The term "Anthropocene" is a recent invention. Geologists would say that we are living in the Holocene Epoch, beginning about 12000 years ago (at the end of the last ice age) and continuing to the present day.  It reflects an understanding that a new era has dawned, one in which the primary influence on the ecology of the earth has become one of its own species - ourselves, the human race.  The word is being considered by the Geological Society of America and may become "official" terminology soon.

The Kareiva article uses the "Anthropocene" language as a lead-in to an indictment of the strategies of the 20th-century conservation movement, which (he claims) have focused too much on protecting a supposedly-fragile Nature from the ravages of humanity, thereby creating parks and reserves as "islands of the Holocene in the world of the Anthropocene."   Conservation, writes Kareiva, "cannot promise a return to pristine, prehuman landscapes. Humankind has already profoundly transformed the planet and will continue to do so. What conservation could promise instead is a new vision of a planet in which nature -- forests, wetlands, diverse species, and other ancient ecosystems -- exists amid a wide variety of modern, human landscapes."

It's intriguing how this kind of discussion harks back to one of the seminal texts of the modern religious-ecological movement, Lynn White's thesis which charges that the "dominion mandate" of Genesis 1:28 is responsible for the exploitation of nature.  One can hear echoes of White's charge that Christianity "is the most anthropocentric religion the world has ever seen" when Kareiva's followers explain that "ecosystem services" (what the ecosystem provides for us humans) must be the basis of a "cost benefit analysis" which will allow us to "triage" what should be saved (these quotations are from this article). Yet, interestingly, Kareiva turns this charge, suggesting that conservationists promoting "wilderness untrammeled by man" are the real dualists..."it never existed, at least in the past thousand years, and arguably longer".  In the end, the one point on which both he and his opponents seem to agree is that the separation of humanity from the rest of the created order is a mistake.  Are they right?


Thursday, April 12, 2012

A climate model after 30 years

Life has been busy here in Points-of-Inflection land for the last couple of weeks, and posting has been a little slow.  There is a bunch of things I want to write about, but until direct brain to blog connections are established, it'll take a few days to get them out there.
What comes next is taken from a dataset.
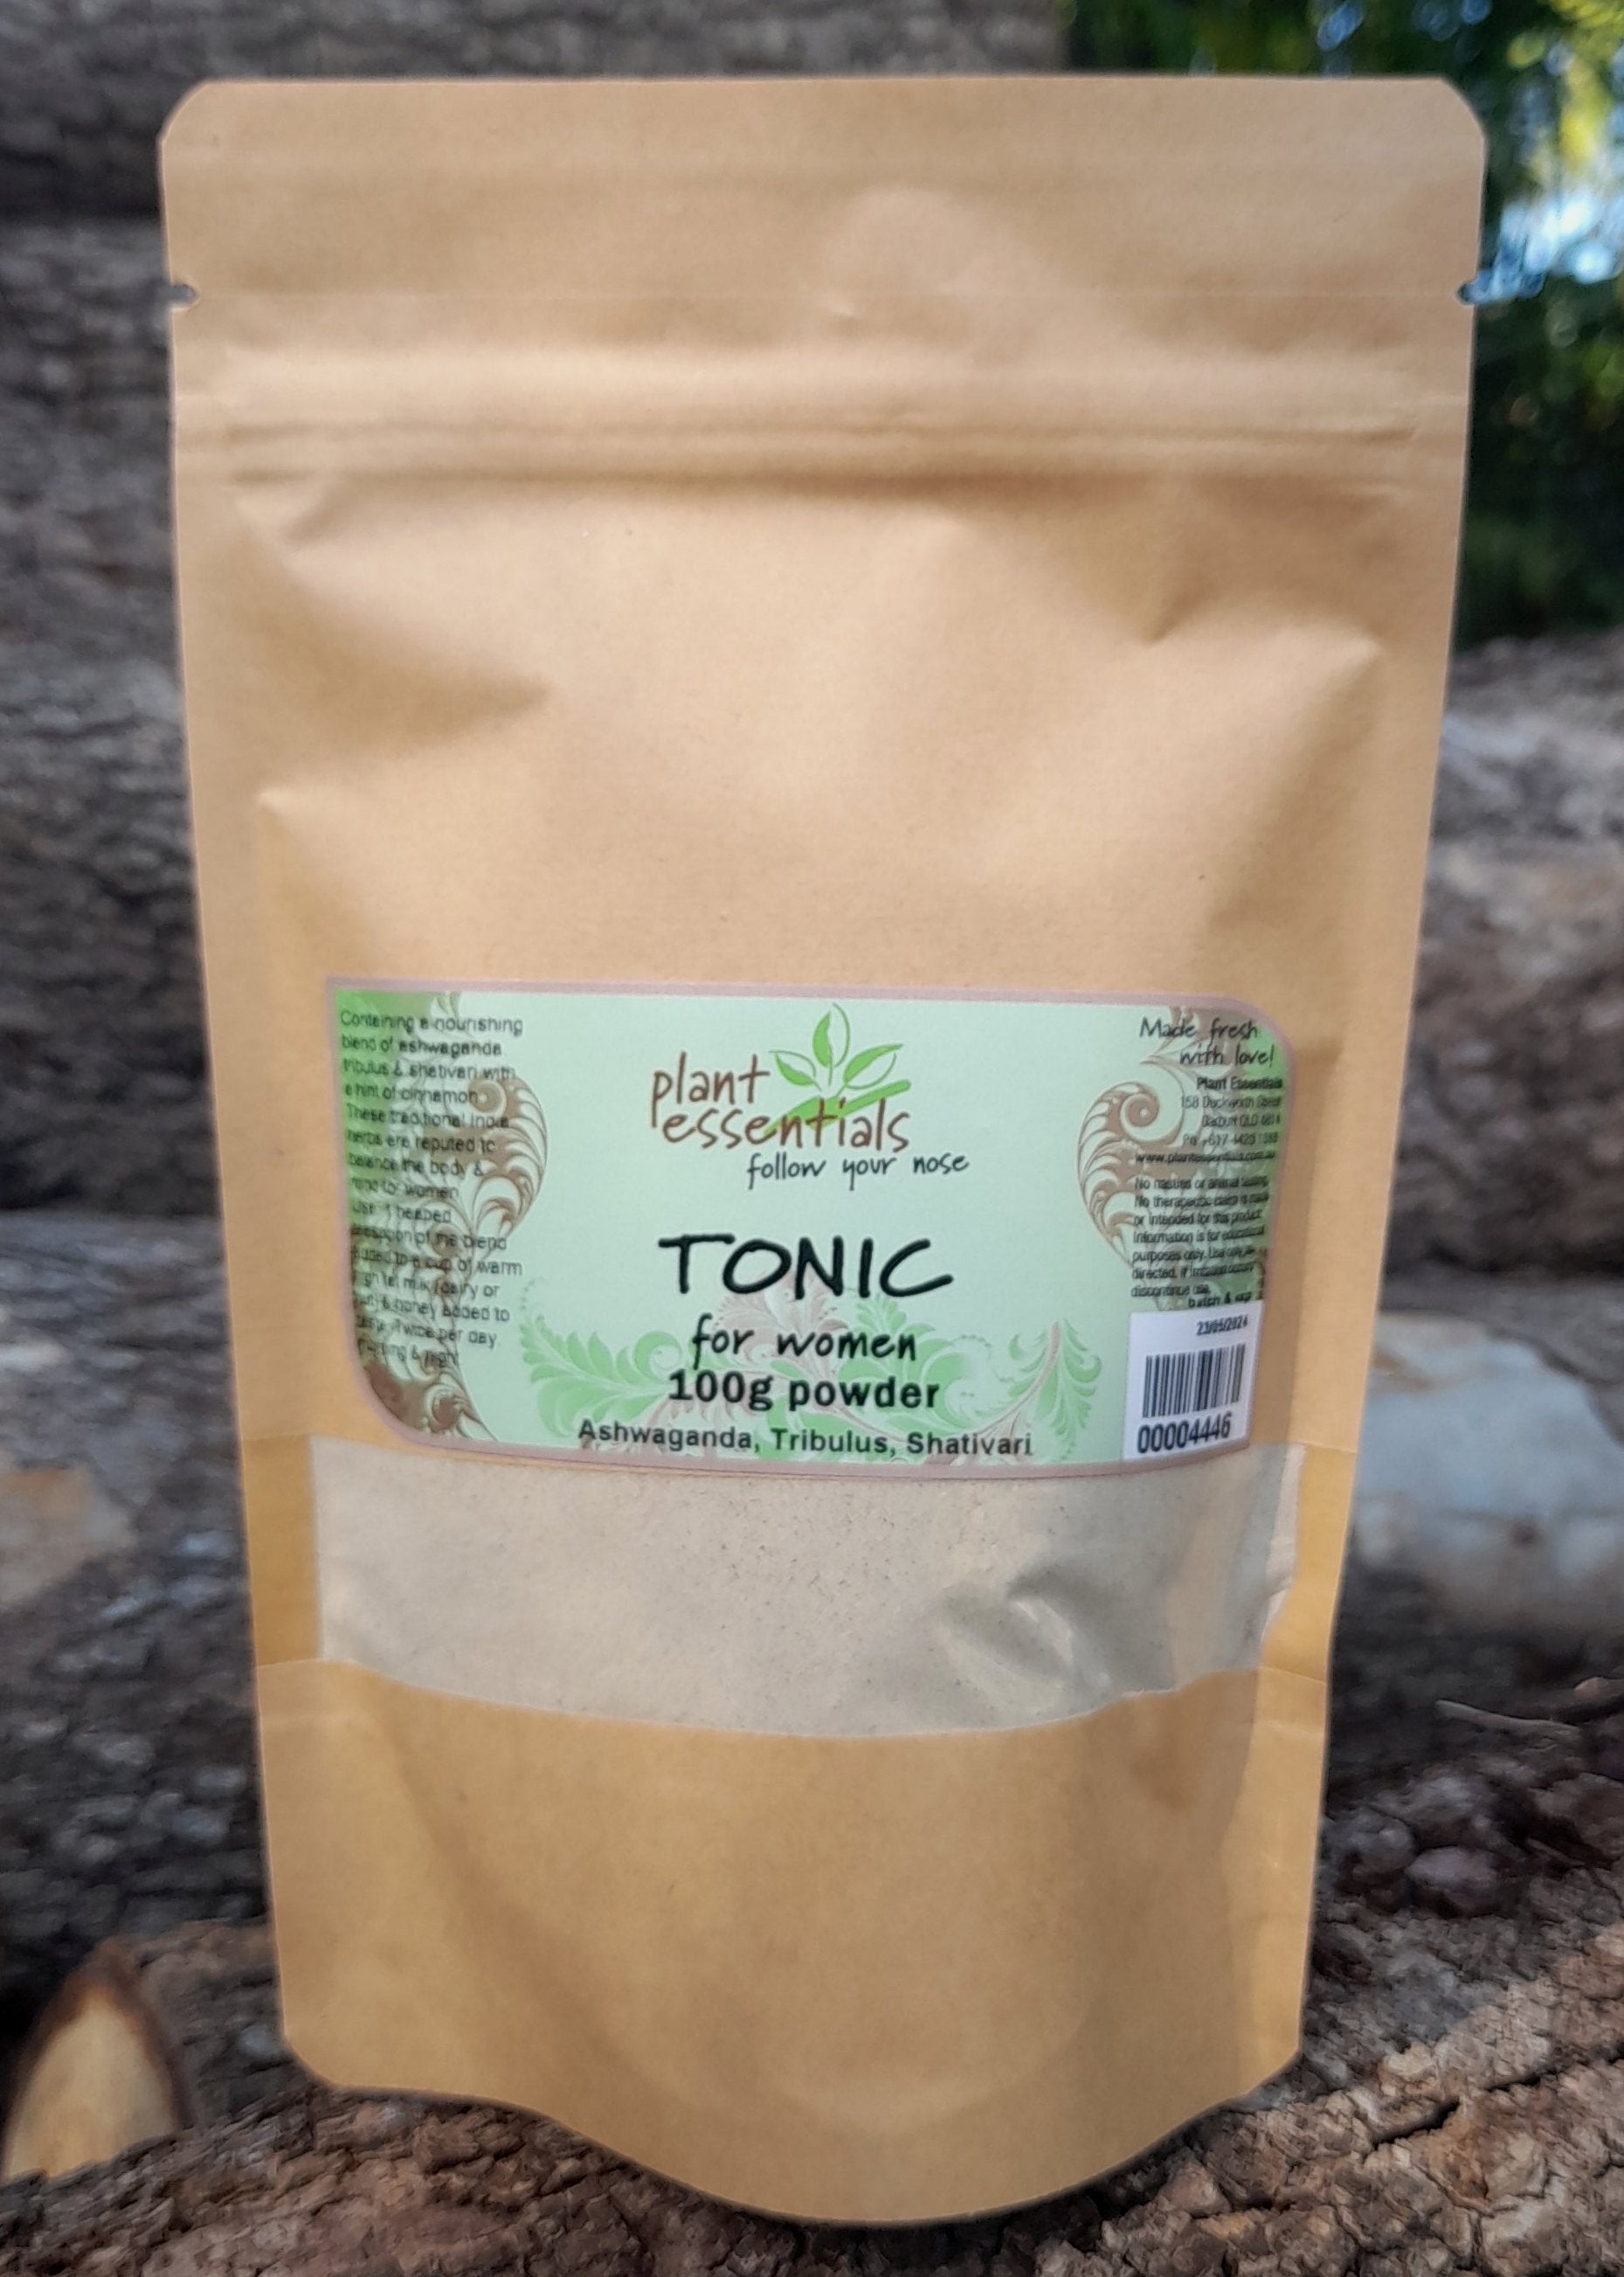 TONIC for women powder with Ashwaganda, Tribulus & Shativari

Meanwhile, I heard about this interesting article.  A couple of physicists went back to a paper published by James Hansen in 1981 about CO2 forcing and global temperatures.  This is well before "climate change" had become the political football that it is now.

Hansen's paper made some specific predictions about the trajectory of global temperatures out into the future, and there are now thirty years of measurements to check his prediction against.  (Actually, Hansen made several predictions depending on different scenarios of fossil fuel use, but he assumed that use patterns would only begin to diverge around 2009.)  So how well do his predictions match up to the observed reality?  Read the paper and find out!

Tuesday, April 3, 2012

Connecting with the PSU Center for Sustainability

A couple of weeks ago I was privileged to spend some time chatting with Dr. Sue Barsom, one of the staff of Penn State's Center for Sustainability.

CFS's mission is to develop "integrated research, education, and outreach efforts that advance the ethic and science of sustainability."  This involves courses and co-curricular activities that engage students with sustainability challenges in a variety of ways.  In fact, thanks to the Center, Penn State is this year introducing a new undergraduate minor in Sustainability Leadership.

The agenda for our conversation was to discuss a possible joint seminar or more extended event about incorporating sustainability themes into math courses. With thousands of Penn State students passing through "general education" and calculus-level mathematics each semester, and the insight into sustainability questions that can be gained from even quite simple mathematical models, it would seem a natural connection to make.

I'm excited about the possibilities here!